Since $f$ and $g$ have the same value and both satisfy conservation away from $s,t$, we have
\begin{align*}
\operatorname{div} r(v)=0
\end{align*}
for every $v\in V$. If $r(a)>0$, then $g(a)\le u(a)$ implies
\begin{align*}
0<r(a)\le u(a)-f(a),
\end{align*}
so the forward residual arc of $a$ exists with enough residual capacity. If $r(a)<0$, then $g(a)\ge 0$ implies
\begin{align*}
0<-r(a)\le f(a),
\end{align*}
so the backward residual arc of $a$ exists with enough residual capacity.
Thus $r$ determines a nonnegative circulation in the residual network: send amount $r(a)$ on the forward residual arc of $a$ when $r(a)>0$, and amount $-r(a)$ on the backward residual arc of $a$ when $r(a)<0$. We now justify the cycle decomposition used here. If the residual circulation determined by $r$ is zero, take $m=0$. Otherwise choose a residual arc carrying positive amount and follow outgoing residual arcs of positive amount. At every visited vertex, conservation of the residual circulation implies that positive incoming amount is balanced by positive outgoing amount, so the walk can continue. Since the residual network is finite, some vertex repeats; the segment between the two visits is a directed residual cycle. Let $\alpha>0$ be the minimum carried amount on the arcs of that cycle, subtract $\alpha$ times the cycle circulation, and repeat. Each subtraction removes at least one positive residual arc and never creates a negative amount, so the process terminates after finitely many repetitions. Hence there are directed residual cycles $\Gamma_1,\dots,\Gamma_m$ and numbers $\alpha_1,\dots,\alpha_m>0$ such that the residual circulation determined by $r$ is their weighted sum.
[/step]
[step:Use absence of negative residual cycles to compare costs]
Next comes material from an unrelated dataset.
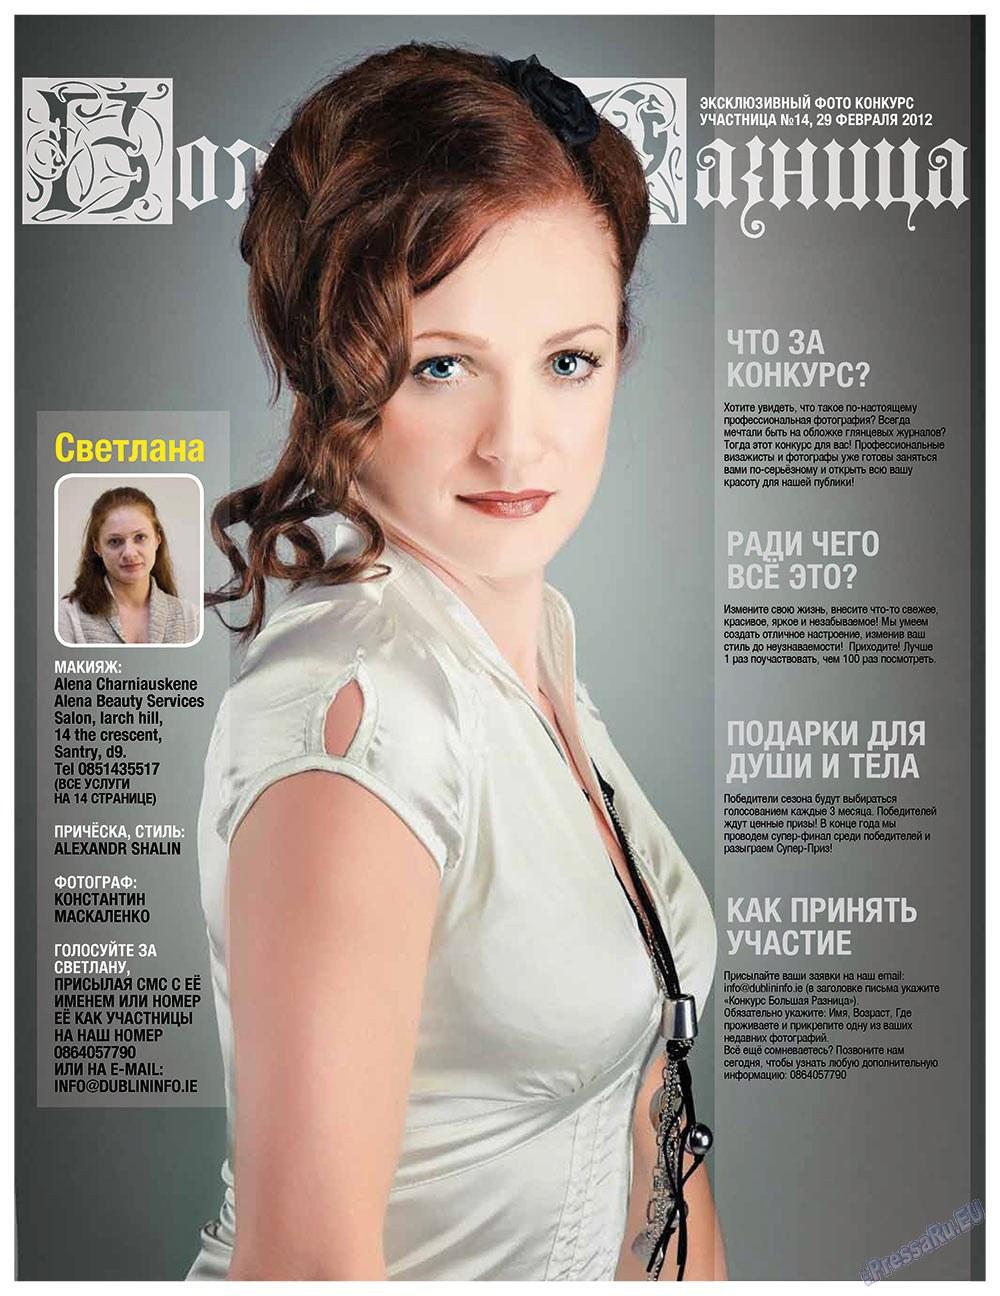 Дублин инфоцентр (газета). 2012 год, номер 8, стр. 6

For each cycle $\Gamma_i$, let $c_f(\Gamma_i)$ denote its residual cost. Since $f$ is terminal, the residual network has no negative-cost directed cycle, so
\begin{align*}
c_f(\Gamma_i)\ge 0
\end{align*}
for every $i\in\{1,\dots,m\}$. The cost difference between $g$ and $f$ is the residual cost of the circulation determined by $r$. By the definition of $r$, this first gives
\begin{align*}
\operatorname{cost}(g)-\operatorname{cost}(f)=\sum_{a\in A} c(a)(g(a)-f(a)).
\end{align*}
Using the cycle decomposition of the residual circulation, the same quantity is
\begin{align*}
\operatorname{cost}(g)-\operatorname{cost}(f)=\sum_{i=1}^m \alpha_i c_f(\Gamma_i).
\end{align*}
Since every coefficient $\alpha_i$ is positive and every residual cycle cost satisfies $c_f(\Gamma_i)\ge 0$, we obtain
\begin{align*}
\operatorname{cost}(g)-\operatorname{cost}(f)\ge 0.
\end{align*}
Therefore $\operatorname{cost}(f)\le \operatorname{cost}(g)$ for every feasible $s$-$t$ flow $g$ of value $b$. Hence the terminal flow $f$ is a minimum-cost feasible $s$-$t$ flow of value $b$.
[/step]